[PROVIDED MATERIAL — start]

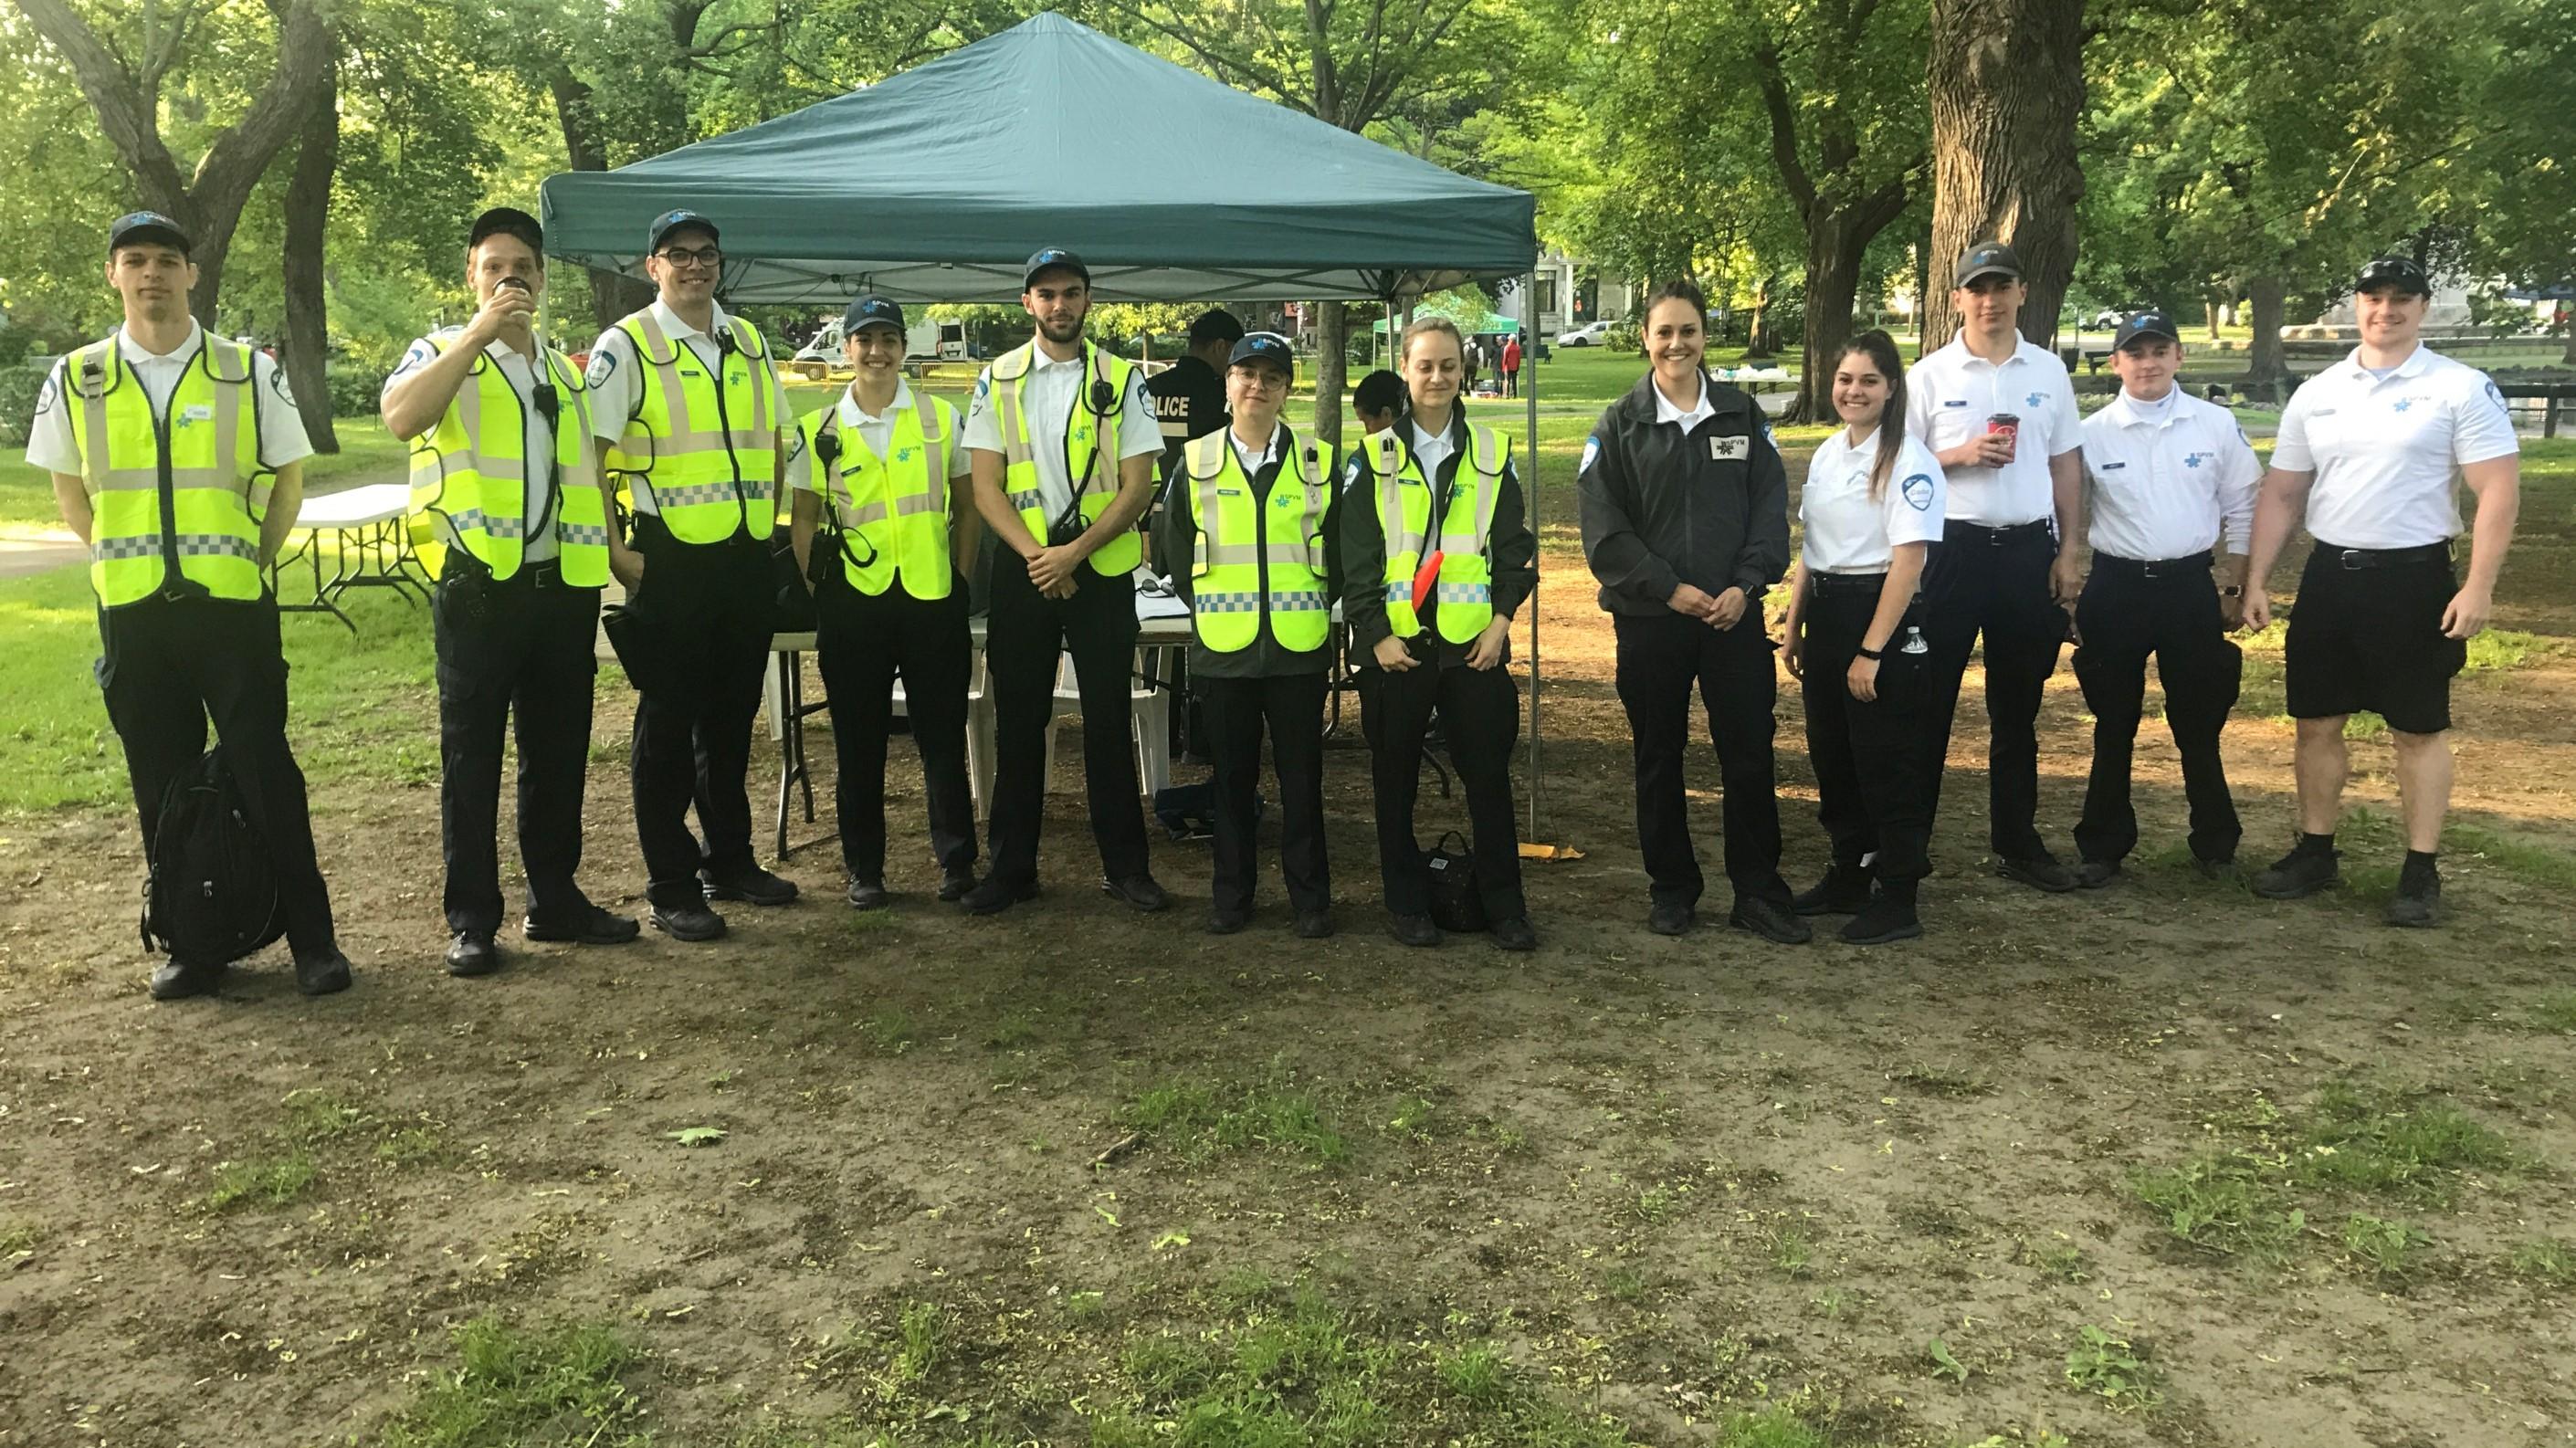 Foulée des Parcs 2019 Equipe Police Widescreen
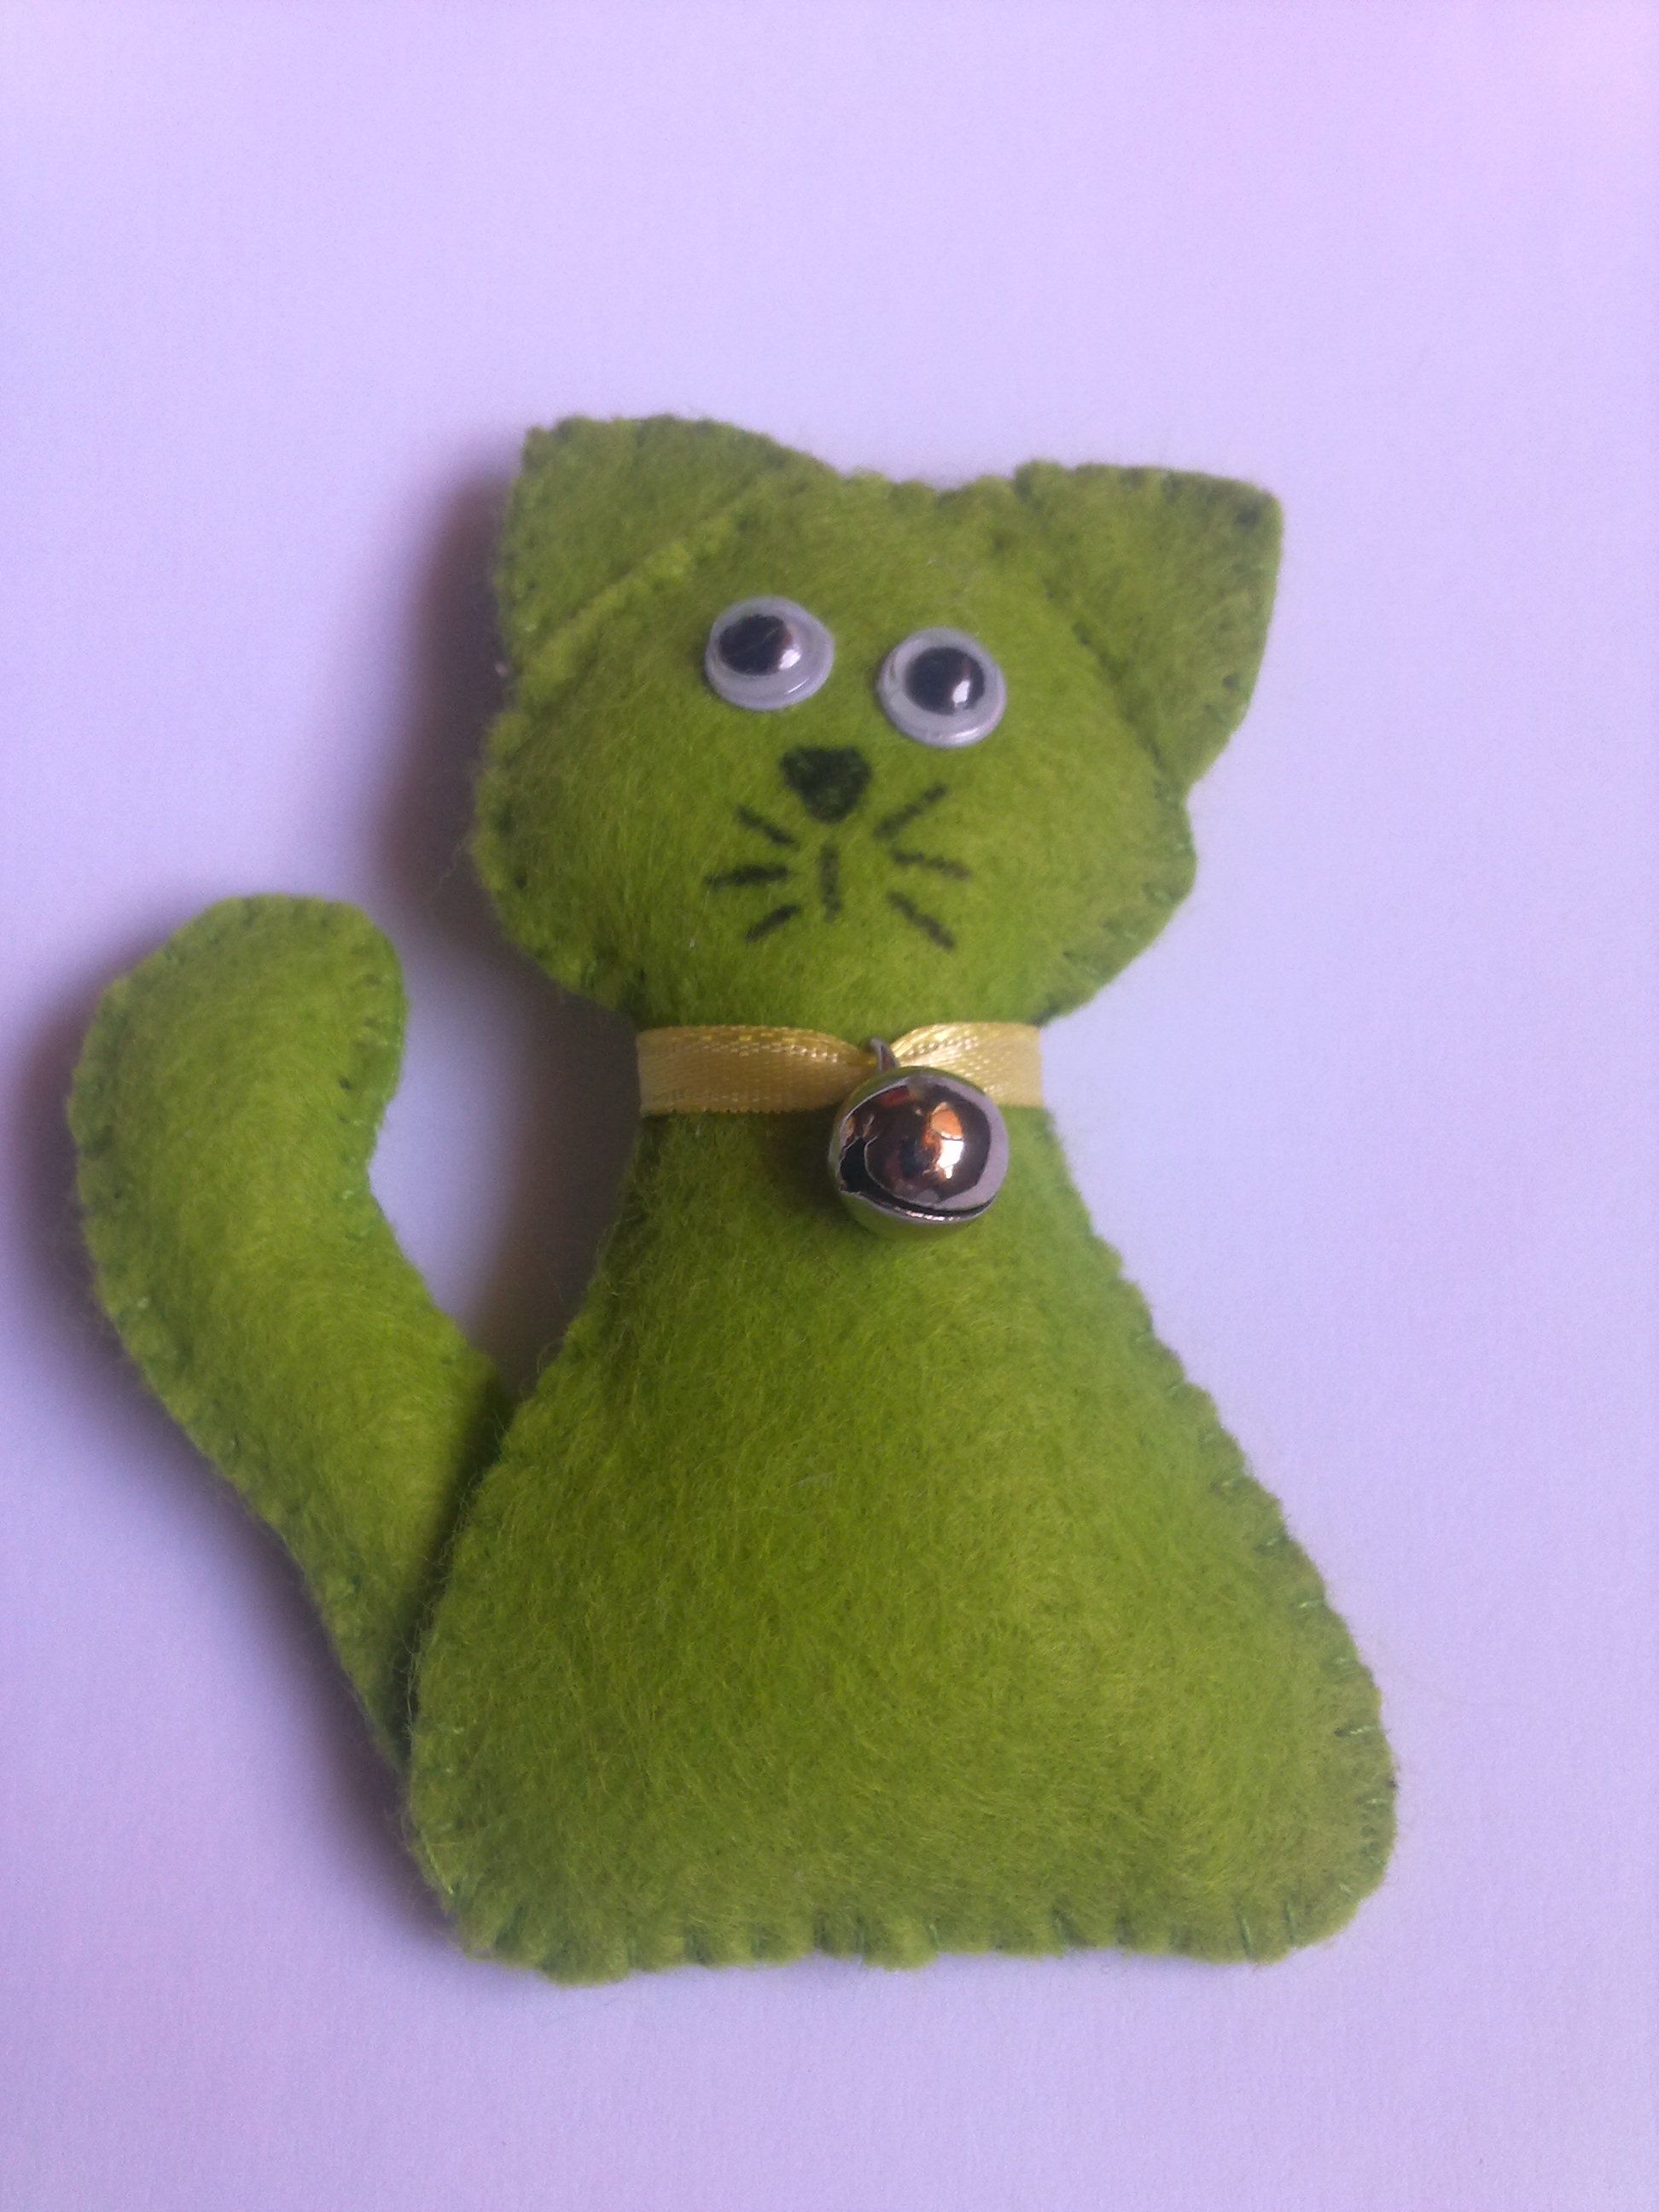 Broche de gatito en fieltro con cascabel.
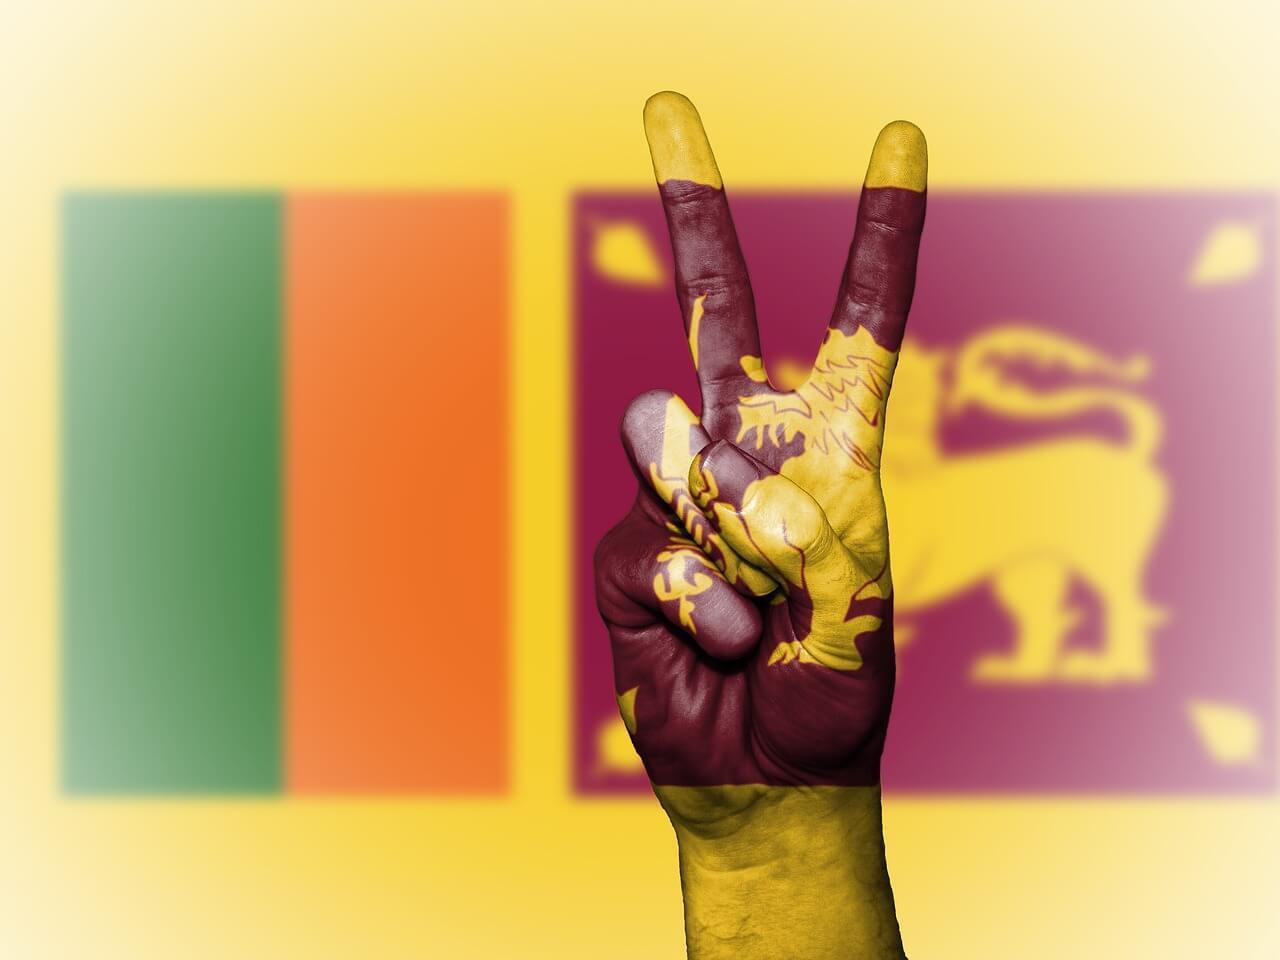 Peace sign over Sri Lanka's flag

[PROVIDED MATERIAL — finish]

**ABOUT THIS EXERCISE**:
Please restate all of the listing above word for word, with no pictures.

**YOUR RESPONSE**:
 Foulée des Parcs 2019 Equipe Police Widescreen
 Broche de gatito en fieltro con cascabel.
 Peace sign over Sri Lanka's flag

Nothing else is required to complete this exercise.